**Your task:**
Nothing but the lines from the one containing "Portrait playful daughter" through the end of the data below should appear in the answer, each exact and free of pictures.

**Data shown:**
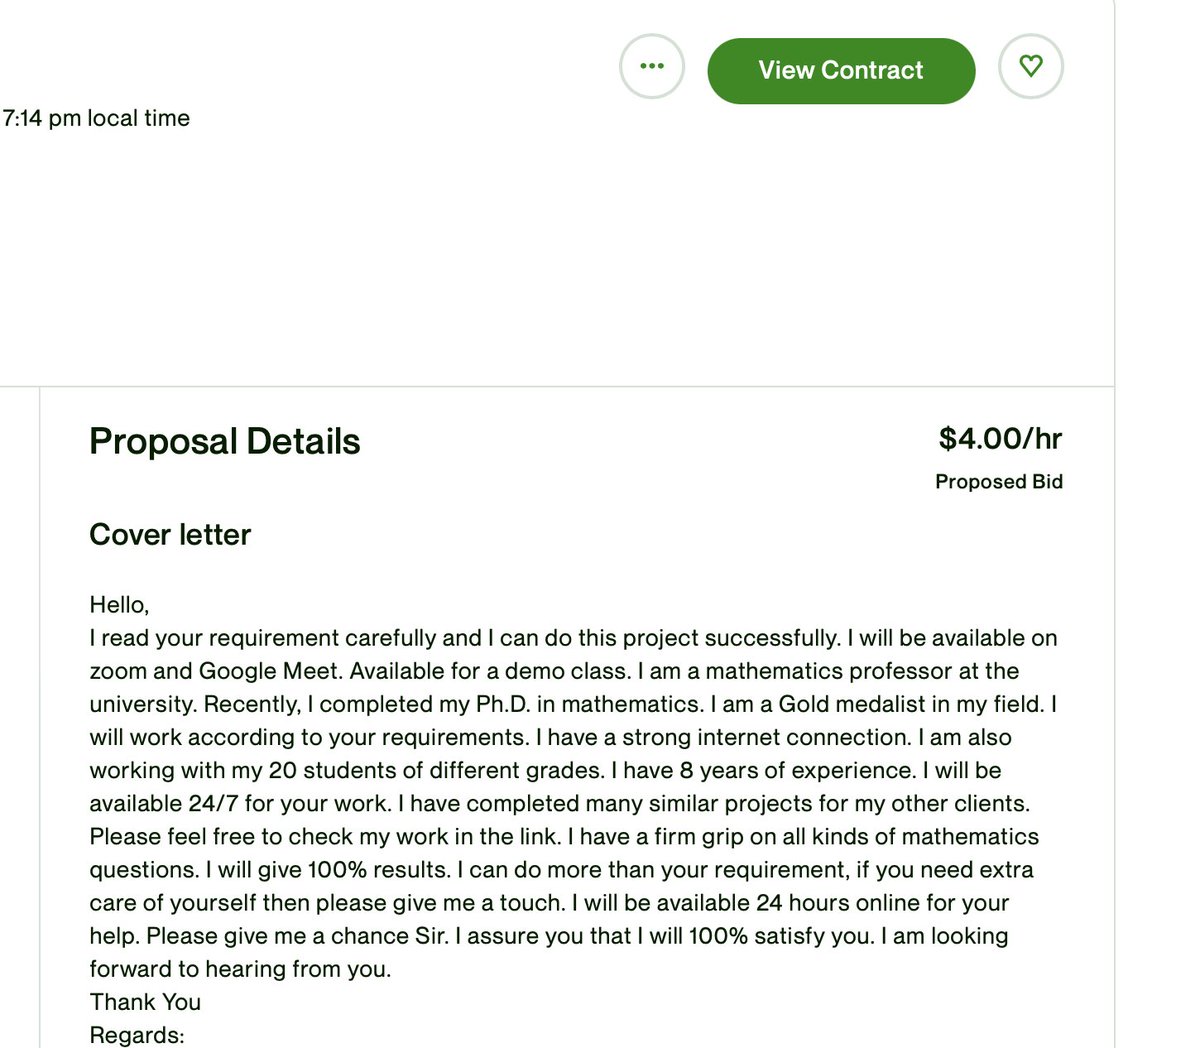 Last night my 12 year old was struggling with Algebra, so I immediately posted a job for a tutor on Upwork.

Literally 10 minutes later we were Zooming with a PhD professor in Pakistan for $4/hour. 

She whipped him into shape & will help him 5 hours/week now.

Impatience can be
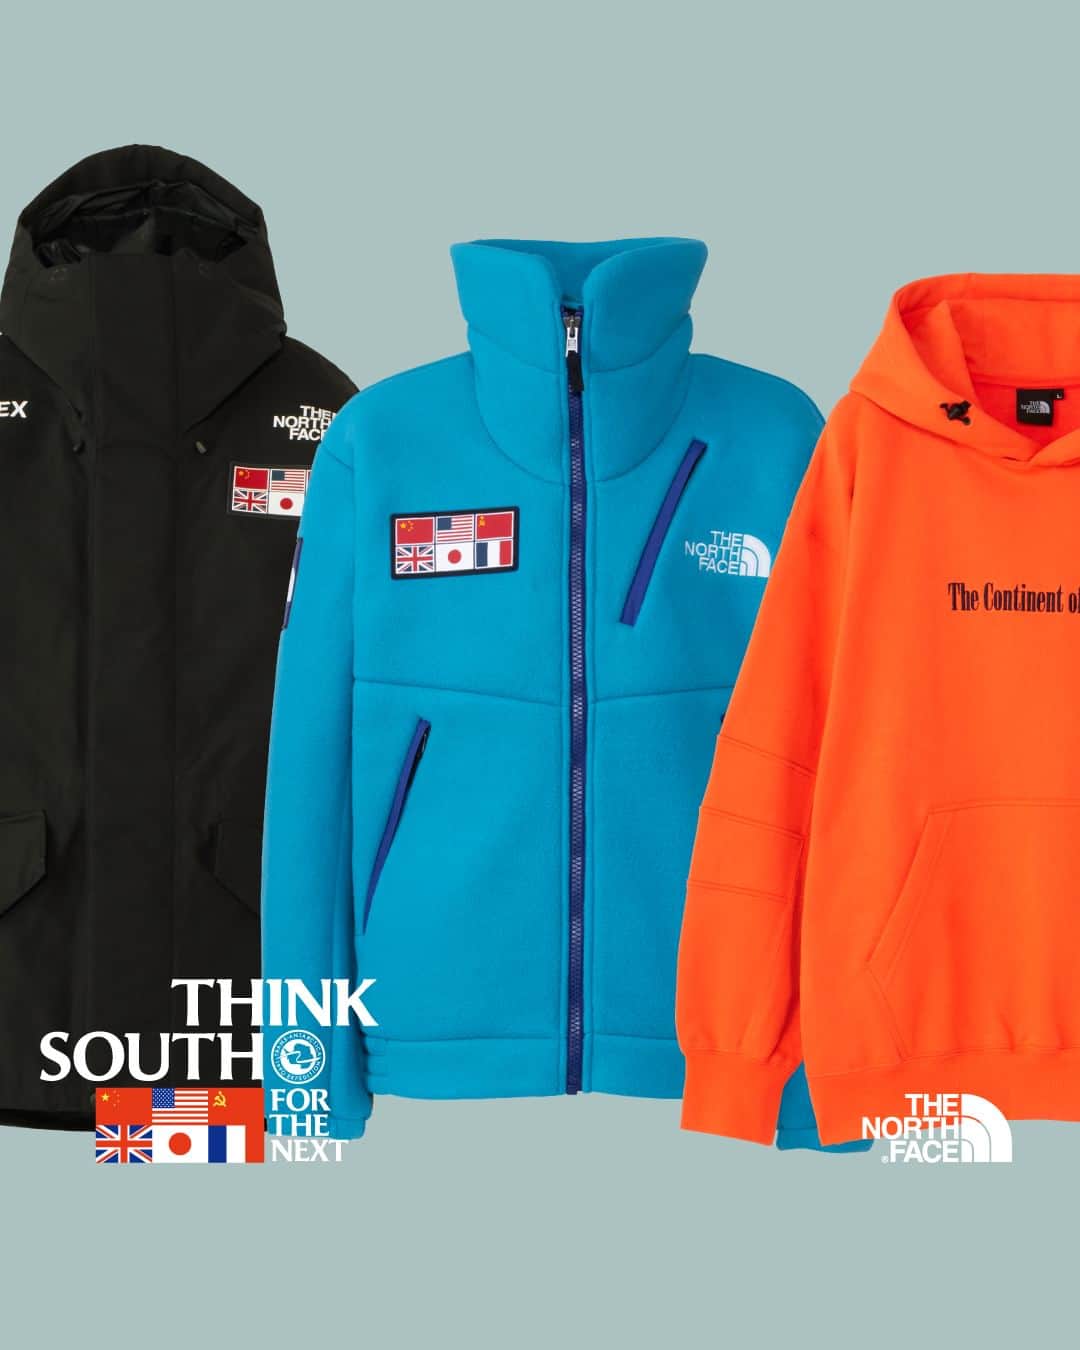 THE NORTH FACE JAPANのインスタグラム：「THINK SOUTH FOR THE NEXT 2023 [Products]  1989年、6カ国6名の冒険家が挑戦した世界初の南極犬ぞり横断。彼らが当時着用したウェアとフィロソフィーをベースに、現在の技術と素材でよりサスティナブルにアップデートされたプロダクトラインナップをご紹介します。  (2,3) Trans Antarctica Fleece Jacket [NA72235] Price: ¥36,300(tax-in) Color: J2, RO  (4,5) Trans Antarctica Parka [NP62238] Price: ¥79,200(tax-in) Color: K, J2  (6,7) Trans Antarctica Hoodie [NT62332] Price: ¥17,050(tax-in) Color: RO, K  プロダクトについては、以下サイトとプロフィール欄ハイライトからご確認いただけます。 https://www.goldwin.co.jp/tnf/whatsnew/detail/?pi3=23411&pi=23410  THINK SOUTH FOR THE NEXT Website: https://www.think-south.com/  #ザノースフェイス #thenorthface #neverstopexploring #thinksouth #thinksouthforthenext2023 #transantarcticaexpedition」
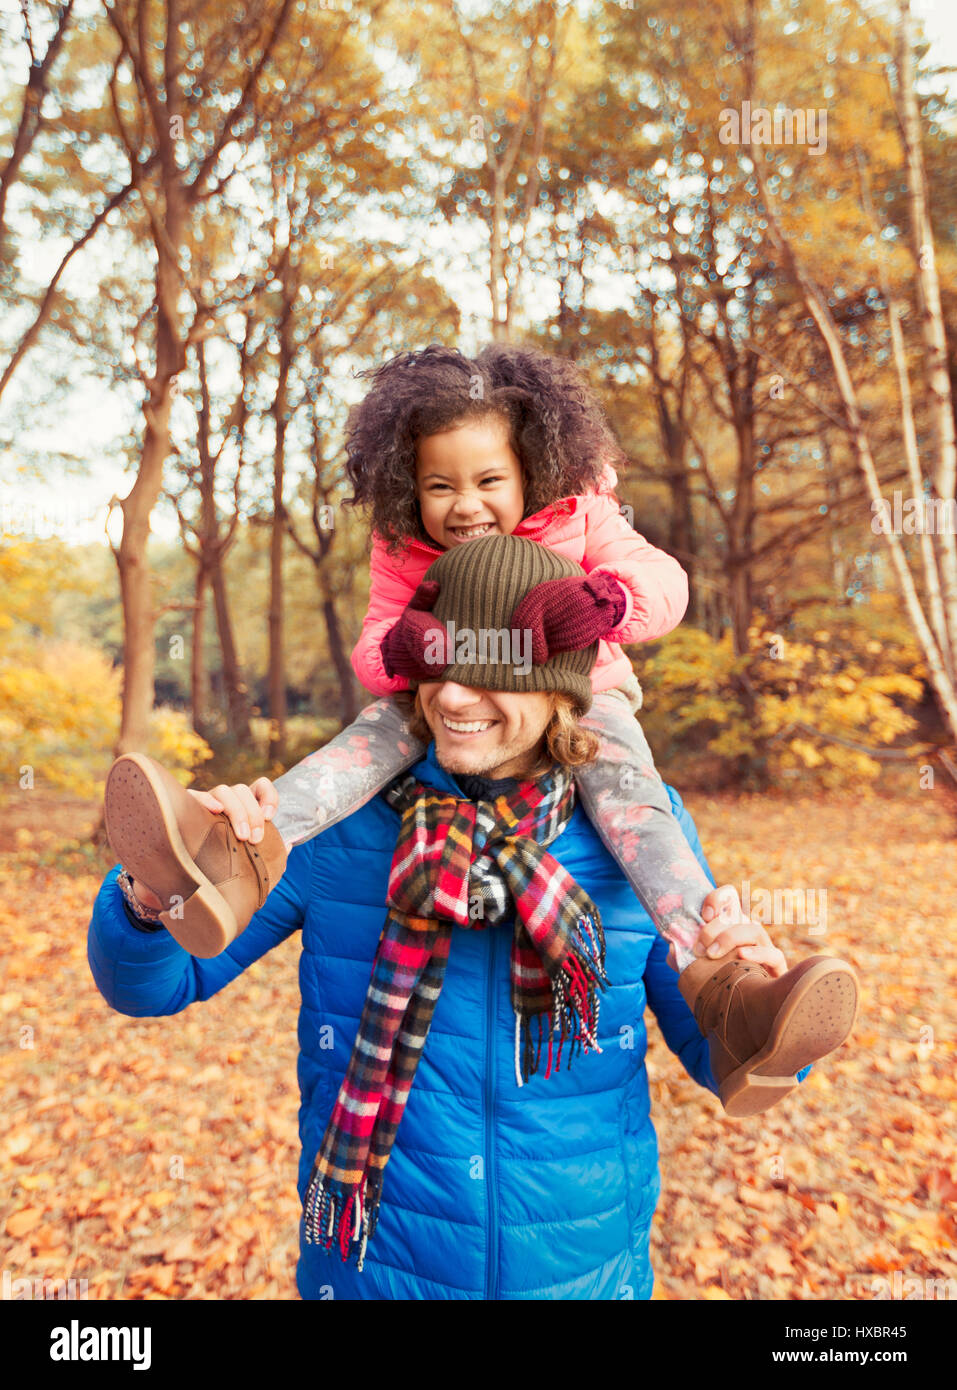 Portrait playful daughter pulling stocking cap over fathers eyes in autumn park Stock Photo
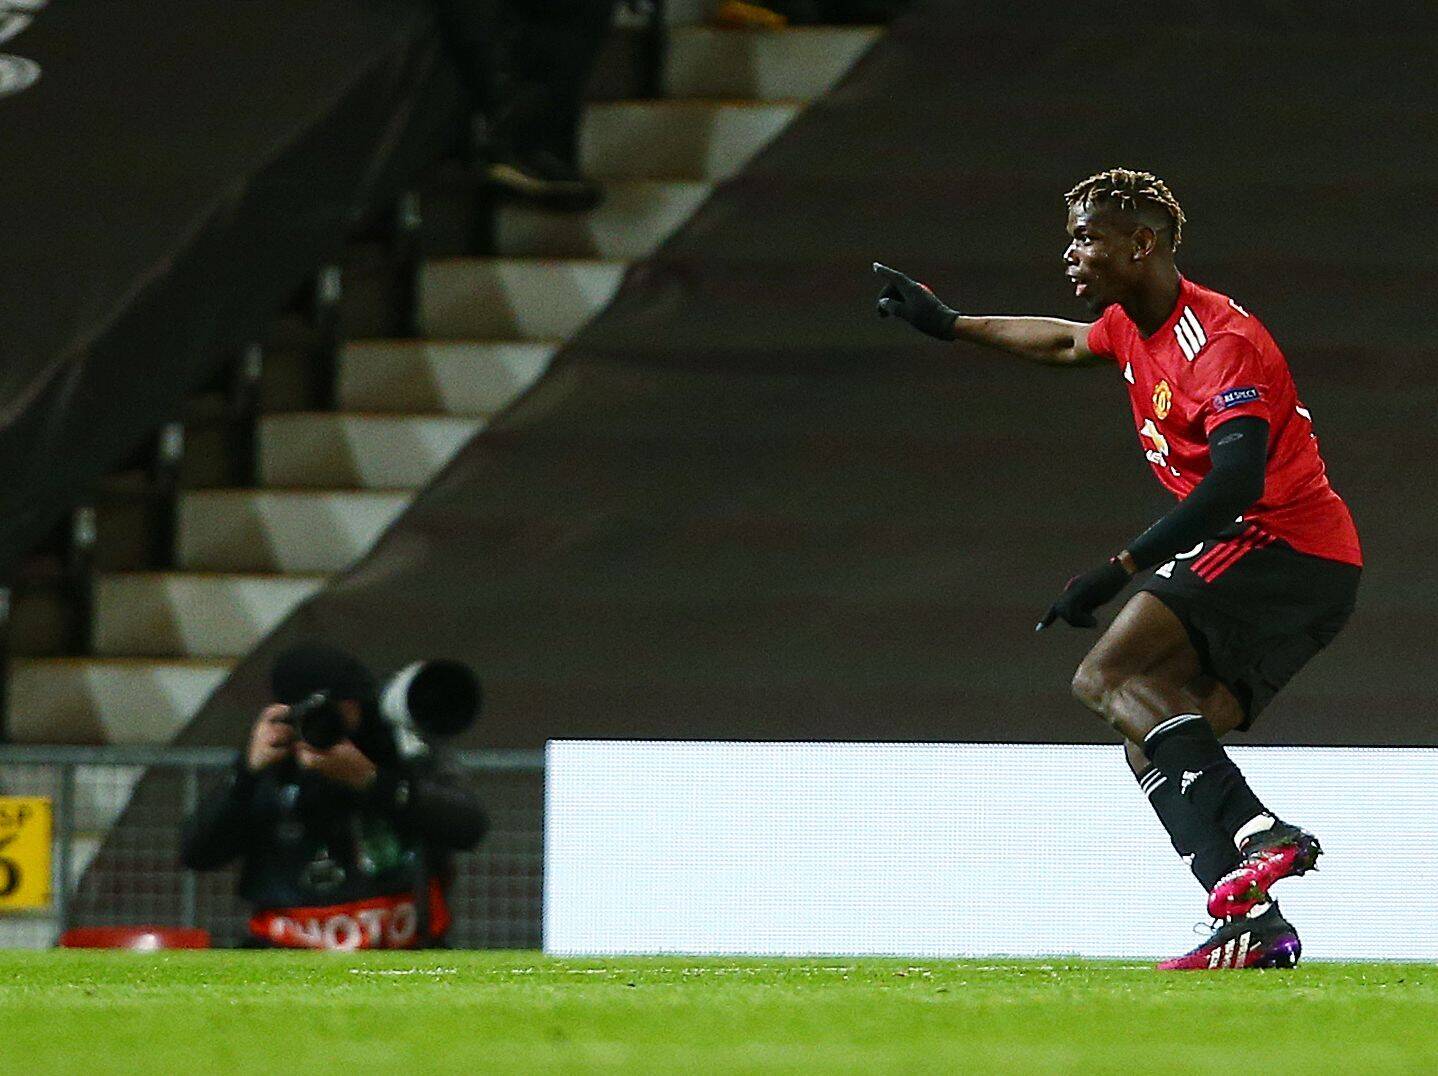 Paul Pogba in action for Manchester United. (Photo by Matt West/BPI/Shutterstock)

**Answer to the problem:**
 Portrait playful daughter pulling stocking cap over fathers eyes in autumn park Stock Photo
 Paul Pogba in action for Manchester United. (Photo by Matt West/BPI/Shutterstock)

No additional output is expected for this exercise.